What needs to be done - When you reach the line containing "Yosemite - Camping: Trip" in the records below, start copying exactly, and stop once you have copied the line containing "Wholesale Classic Clear".

Data shown -
##########

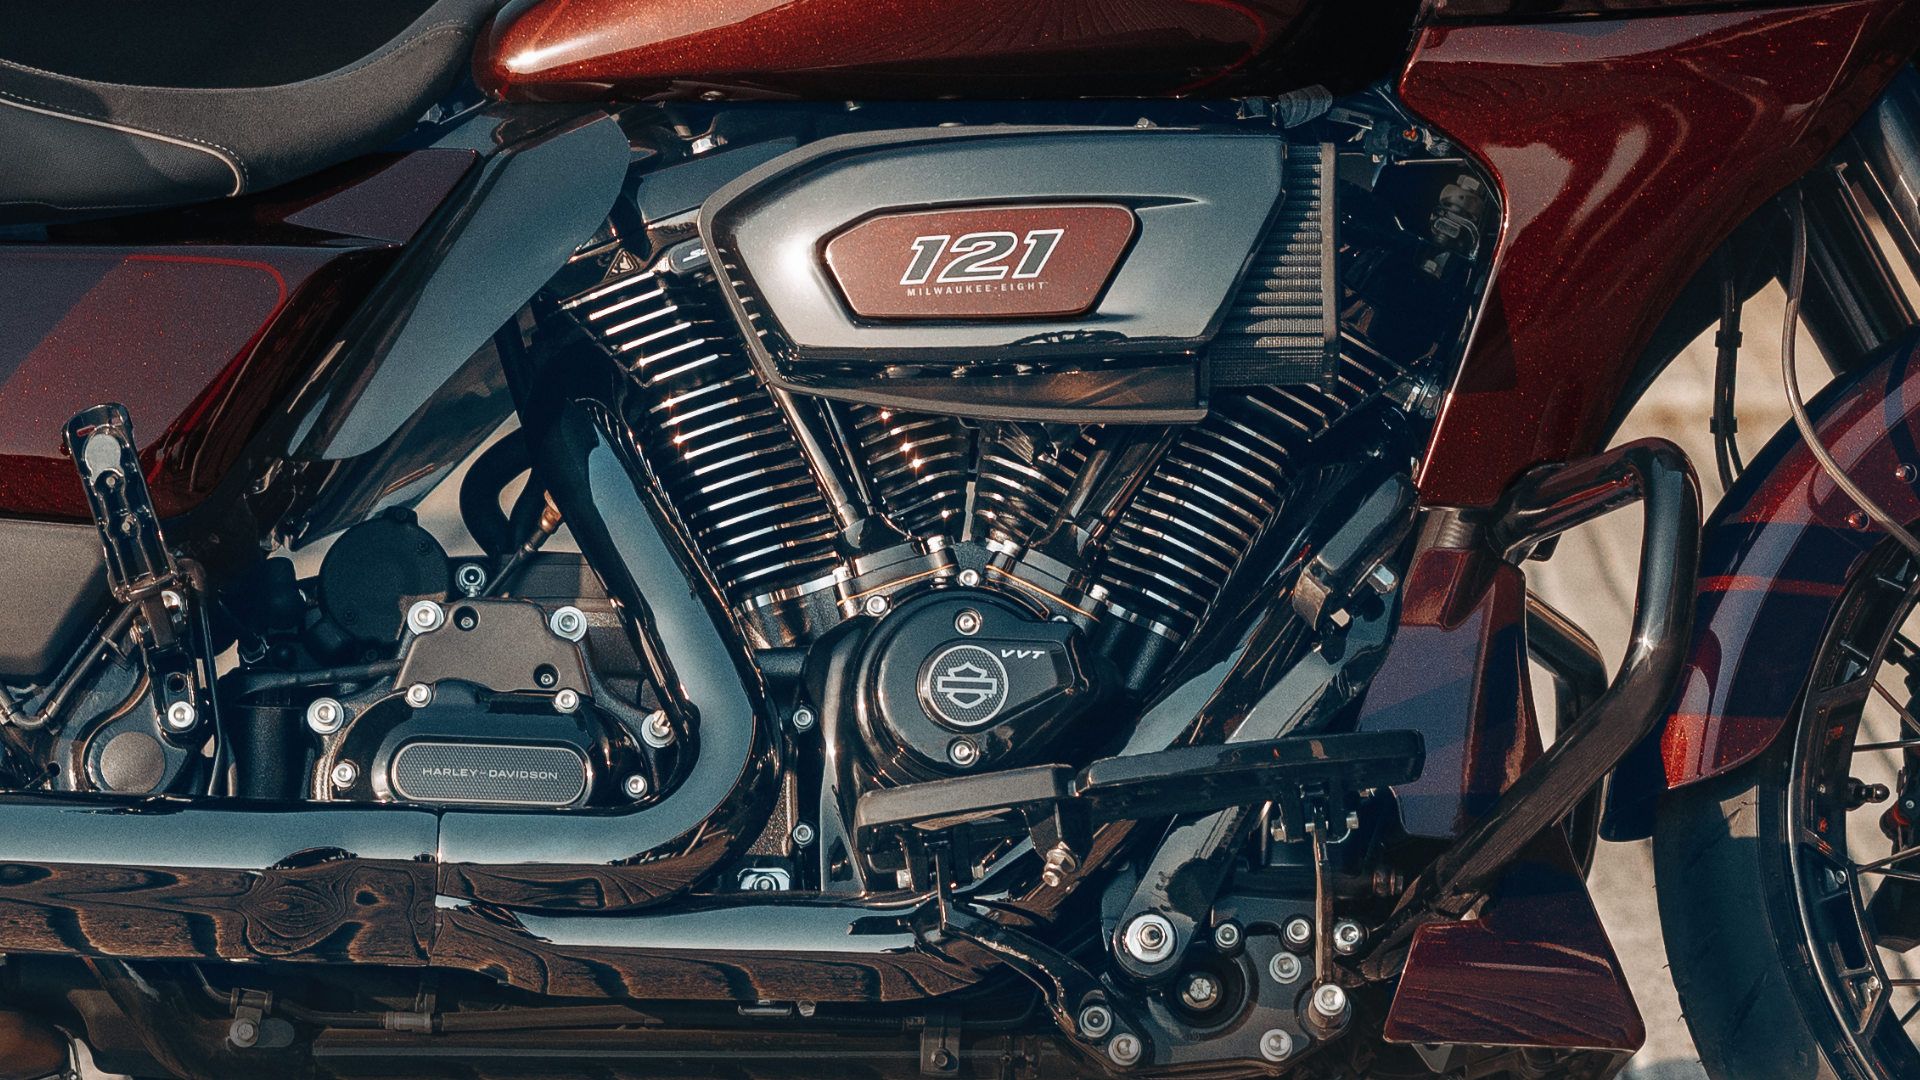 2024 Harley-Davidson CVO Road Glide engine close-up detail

##########

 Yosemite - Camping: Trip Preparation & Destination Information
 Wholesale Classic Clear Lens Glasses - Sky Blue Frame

##########

Written response -
 Yosemite - Camping: Trip Preparation & Destination Information
 Wholesale Classic Clear Lens Glasses - Sky Blue Frame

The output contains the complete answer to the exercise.